Where a line of the material includes the string "Selected", copy that line.

=== Begin Enclosure ===

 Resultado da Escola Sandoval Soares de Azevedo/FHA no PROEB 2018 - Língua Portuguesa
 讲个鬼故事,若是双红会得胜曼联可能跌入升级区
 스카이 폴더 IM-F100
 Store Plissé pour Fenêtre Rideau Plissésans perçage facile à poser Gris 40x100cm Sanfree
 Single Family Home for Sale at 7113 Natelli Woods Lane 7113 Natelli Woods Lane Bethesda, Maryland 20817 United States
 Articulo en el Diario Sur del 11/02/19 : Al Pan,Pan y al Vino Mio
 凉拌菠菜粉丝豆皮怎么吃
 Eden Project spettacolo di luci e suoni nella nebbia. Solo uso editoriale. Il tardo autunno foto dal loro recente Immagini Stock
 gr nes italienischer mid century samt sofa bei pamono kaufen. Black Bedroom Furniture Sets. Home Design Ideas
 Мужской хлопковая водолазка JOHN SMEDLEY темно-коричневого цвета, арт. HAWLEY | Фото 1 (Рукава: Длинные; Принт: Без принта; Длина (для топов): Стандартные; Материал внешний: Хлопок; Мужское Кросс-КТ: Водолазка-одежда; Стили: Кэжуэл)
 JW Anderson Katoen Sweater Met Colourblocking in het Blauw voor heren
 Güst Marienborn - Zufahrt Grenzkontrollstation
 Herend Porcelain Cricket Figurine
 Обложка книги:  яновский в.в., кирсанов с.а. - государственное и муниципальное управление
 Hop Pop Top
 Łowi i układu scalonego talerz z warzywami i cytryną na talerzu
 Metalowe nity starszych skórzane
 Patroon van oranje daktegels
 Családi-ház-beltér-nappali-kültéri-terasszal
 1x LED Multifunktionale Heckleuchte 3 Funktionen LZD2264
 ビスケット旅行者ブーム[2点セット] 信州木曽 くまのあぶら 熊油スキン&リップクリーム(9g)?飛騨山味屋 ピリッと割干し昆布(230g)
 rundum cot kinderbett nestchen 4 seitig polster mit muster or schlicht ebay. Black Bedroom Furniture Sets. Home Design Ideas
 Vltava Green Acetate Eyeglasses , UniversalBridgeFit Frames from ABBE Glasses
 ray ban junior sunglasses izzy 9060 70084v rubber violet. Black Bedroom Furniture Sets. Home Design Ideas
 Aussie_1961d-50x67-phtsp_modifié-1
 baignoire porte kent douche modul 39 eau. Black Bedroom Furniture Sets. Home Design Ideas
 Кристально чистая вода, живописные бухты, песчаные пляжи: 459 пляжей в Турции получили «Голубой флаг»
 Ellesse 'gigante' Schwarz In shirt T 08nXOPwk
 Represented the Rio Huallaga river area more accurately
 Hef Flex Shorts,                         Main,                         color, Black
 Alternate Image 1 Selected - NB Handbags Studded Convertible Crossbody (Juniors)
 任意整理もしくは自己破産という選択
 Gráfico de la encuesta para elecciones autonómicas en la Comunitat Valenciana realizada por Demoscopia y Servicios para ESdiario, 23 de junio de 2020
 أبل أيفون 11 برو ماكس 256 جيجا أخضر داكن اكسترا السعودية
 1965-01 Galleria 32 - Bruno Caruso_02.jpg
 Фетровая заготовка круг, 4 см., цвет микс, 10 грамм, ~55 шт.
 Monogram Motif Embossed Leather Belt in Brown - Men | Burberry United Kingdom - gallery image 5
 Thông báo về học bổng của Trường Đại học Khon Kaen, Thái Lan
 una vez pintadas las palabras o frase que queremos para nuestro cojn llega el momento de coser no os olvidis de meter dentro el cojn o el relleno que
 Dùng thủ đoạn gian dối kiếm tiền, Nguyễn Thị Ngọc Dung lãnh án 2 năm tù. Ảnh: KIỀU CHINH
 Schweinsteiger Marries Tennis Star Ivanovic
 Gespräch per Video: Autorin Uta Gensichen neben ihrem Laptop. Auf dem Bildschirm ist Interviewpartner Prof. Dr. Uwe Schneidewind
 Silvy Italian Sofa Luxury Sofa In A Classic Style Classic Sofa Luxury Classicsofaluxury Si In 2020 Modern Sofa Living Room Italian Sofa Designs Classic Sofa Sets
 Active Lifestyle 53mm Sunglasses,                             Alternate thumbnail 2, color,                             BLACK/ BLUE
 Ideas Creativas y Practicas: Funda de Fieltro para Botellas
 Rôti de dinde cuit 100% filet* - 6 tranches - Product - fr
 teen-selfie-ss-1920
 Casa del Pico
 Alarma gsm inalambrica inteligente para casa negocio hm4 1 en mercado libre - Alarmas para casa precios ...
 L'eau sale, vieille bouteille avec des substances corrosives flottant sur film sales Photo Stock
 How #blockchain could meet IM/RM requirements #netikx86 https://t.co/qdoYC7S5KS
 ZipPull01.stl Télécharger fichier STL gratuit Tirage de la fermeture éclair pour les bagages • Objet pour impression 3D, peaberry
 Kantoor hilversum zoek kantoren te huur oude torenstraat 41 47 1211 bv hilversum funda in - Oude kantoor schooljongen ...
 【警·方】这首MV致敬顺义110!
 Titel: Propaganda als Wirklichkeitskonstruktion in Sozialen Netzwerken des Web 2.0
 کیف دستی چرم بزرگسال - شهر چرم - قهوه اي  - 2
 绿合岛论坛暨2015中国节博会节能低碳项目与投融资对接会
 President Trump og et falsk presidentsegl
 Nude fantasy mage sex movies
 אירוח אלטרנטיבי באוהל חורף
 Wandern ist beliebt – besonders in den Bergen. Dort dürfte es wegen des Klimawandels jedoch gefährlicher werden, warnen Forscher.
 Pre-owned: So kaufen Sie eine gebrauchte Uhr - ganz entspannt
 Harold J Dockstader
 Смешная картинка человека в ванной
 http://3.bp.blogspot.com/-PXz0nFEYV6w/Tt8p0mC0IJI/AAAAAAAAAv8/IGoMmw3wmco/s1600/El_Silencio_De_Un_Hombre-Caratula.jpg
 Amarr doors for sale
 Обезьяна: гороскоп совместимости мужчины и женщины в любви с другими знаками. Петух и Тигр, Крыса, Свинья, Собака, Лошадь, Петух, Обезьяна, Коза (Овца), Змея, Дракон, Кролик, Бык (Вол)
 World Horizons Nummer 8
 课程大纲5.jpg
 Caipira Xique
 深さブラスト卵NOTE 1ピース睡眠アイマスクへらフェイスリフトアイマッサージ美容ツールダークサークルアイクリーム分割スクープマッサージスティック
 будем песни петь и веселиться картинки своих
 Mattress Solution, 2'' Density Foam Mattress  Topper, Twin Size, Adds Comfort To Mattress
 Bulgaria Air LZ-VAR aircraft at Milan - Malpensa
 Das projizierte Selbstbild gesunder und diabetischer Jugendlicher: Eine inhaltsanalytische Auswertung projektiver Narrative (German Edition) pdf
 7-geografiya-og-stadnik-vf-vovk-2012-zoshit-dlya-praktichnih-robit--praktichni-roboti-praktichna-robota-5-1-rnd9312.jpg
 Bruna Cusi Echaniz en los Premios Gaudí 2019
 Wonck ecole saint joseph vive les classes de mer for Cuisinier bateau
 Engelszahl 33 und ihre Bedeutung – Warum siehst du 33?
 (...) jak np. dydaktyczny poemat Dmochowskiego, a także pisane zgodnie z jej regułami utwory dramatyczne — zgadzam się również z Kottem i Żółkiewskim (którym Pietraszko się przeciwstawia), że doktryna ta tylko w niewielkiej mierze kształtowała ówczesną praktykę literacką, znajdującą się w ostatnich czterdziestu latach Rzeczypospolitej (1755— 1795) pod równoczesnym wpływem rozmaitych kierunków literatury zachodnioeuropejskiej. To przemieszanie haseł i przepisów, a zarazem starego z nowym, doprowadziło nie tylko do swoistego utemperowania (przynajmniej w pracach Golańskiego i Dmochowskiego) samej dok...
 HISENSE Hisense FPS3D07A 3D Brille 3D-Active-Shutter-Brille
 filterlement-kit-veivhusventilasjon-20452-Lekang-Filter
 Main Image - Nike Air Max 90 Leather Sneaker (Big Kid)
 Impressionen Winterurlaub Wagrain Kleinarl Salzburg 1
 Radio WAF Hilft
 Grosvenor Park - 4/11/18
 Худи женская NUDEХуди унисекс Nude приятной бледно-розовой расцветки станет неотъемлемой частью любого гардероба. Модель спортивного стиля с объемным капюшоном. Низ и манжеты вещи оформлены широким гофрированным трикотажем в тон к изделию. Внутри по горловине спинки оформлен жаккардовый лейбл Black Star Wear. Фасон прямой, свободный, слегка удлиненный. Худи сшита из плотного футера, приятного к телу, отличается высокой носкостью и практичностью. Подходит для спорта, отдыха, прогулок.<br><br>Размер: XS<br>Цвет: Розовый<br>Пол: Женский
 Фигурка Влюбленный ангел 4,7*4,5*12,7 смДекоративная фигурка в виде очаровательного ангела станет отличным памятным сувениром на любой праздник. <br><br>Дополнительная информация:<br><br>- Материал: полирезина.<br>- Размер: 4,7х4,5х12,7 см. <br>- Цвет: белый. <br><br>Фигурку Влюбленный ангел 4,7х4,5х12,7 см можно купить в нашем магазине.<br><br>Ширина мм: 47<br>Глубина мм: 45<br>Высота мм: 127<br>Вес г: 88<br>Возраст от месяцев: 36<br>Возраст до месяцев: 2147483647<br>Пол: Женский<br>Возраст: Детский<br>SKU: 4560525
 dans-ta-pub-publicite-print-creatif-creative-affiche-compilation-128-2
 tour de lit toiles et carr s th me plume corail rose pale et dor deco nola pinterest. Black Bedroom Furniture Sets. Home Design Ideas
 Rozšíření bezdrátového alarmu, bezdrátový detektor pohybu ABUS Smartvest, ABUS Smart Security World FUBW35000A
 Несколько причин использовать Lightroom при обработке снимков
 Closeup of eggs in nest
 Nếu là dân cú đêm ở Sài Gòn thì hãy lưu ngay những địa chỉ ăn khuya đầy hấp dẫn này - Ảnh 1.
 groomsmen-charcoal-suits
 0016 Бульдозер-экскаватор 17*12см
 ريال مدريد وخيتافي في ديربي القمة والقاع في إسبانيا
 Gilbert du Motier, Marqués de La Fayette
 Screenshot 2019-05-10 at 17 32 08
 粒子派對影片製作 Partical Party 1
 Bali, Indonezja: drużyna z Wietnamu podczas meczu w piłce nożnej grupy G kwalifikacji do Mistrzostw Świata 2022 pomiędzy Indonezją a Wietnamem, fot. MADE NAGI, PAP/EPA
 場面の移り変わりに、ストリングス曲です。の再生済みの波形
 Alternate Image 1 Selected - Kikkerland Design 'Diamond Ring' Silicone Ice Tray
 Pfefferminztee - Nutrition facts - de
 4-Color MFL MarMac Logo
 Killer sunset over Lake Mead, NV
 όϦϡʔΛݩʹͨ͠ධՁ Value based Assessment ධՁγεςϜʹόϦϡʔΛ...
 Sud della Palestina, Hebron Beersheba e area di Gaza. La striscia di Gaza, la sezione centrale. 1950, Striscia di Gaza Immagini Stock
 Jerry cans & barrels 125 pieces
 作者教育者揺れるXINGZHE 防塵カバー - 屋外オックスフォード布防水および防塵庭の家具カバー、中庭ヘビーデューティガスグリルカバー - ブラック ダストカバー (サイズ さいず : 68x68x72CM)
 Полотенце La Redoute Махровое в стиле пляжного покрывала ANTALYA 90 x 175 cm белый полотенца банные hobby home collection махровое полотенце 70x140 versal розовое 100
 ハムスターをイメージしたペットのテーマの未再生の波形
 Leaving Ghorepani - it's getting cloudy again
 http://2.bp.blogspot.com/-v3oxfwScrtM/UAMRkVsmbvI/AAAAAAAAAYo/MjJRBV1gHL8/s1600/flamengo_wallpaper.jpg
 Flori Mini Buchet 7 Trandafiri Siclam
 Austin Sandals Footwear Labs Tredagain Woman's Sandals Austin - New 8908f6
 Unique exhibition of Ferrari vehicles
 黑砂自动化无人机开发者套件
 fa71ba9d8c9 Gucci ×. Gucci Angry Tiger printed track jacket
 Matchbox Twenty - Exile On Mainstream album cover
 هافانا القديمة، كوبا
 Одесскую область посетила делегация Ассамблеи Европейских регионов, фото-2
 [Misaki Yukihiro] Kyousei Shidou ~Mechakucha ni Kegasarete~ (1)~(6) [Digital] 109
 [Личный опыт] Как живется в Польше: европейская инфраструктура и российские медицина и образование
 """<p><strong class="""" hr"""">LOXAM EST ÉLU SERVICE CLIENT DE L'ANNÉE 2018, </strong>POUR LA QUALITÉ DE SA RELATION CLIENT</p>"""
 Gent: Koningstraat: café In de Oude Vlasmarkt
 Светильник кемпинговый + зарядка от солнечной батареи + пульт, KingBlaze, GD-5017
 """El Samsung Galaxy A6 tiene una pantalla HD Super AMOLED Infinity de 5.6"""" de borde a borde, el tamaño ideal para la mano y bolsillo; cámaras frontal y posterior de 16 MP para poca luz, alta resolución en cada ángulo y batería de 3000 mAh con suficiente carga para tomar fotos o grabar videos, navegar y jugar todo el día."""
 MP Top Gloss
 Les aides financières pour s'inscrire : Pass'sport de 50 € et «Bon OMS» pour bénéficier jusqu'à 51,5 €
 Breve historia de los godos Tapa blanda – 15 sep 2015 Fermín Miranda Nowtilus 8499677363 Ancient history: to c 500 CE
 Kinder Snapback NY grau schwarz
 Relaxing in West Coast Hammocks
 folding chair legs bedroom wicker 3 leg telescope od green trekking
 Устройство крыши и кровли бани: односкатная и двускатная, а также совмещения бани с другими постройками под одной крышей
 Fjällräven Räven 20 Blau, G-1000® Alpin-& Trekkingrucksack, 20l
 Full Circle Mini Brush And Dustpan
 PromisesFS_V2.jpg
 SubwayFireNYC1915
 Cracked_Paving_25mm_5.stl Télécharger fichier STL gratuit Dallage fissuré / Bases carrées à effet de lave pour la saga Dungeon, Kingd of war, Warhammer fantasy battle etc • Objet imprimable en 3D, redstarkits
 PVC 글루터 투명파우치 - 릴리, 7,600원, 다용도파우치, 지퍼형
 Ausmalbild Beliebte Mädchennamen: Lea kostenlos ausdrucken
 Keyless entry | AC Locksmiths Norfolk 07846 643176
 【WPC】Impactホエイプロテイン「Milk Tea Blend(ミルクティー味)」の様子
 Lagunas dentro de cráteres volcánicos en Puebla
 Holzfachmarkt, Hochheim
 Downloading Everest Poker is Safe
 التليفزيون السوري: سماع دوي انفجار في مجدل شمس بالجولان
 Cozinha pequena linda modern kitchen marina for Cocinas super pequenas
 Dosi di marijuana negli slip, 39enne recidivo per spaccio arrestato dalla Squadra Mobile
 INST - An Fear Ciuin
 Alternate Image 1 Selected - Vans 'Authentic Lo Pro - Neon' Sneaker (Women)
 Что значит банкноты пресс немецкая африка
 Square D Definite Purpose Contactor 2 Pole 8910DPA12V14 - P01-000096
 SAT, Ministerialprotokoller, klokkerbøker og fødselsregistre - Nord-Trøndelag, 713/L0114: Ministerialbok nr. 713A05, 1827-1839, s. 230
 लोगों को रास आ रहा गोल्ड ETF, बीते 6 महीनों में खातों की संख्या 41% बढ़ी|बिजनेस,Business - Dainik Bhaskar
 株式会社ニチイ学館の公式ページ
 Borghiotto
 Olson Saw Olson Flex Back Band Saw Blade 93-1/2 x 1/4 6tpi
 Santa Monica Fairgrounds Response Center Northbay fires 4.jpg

=== End Enclosure ===

## Expected answer
 Alternate Image 1 Selected - NB Handbags Studded Convertible Crossbody (Juniors)
 Alternate Image 1 Selected - Kikkerland Design 'Diamond Ring' Silicone Ice Tray
 Alternate Image 1 Selected - Vans 'Authentic Lo Pro - Neon' Sneaker (Women)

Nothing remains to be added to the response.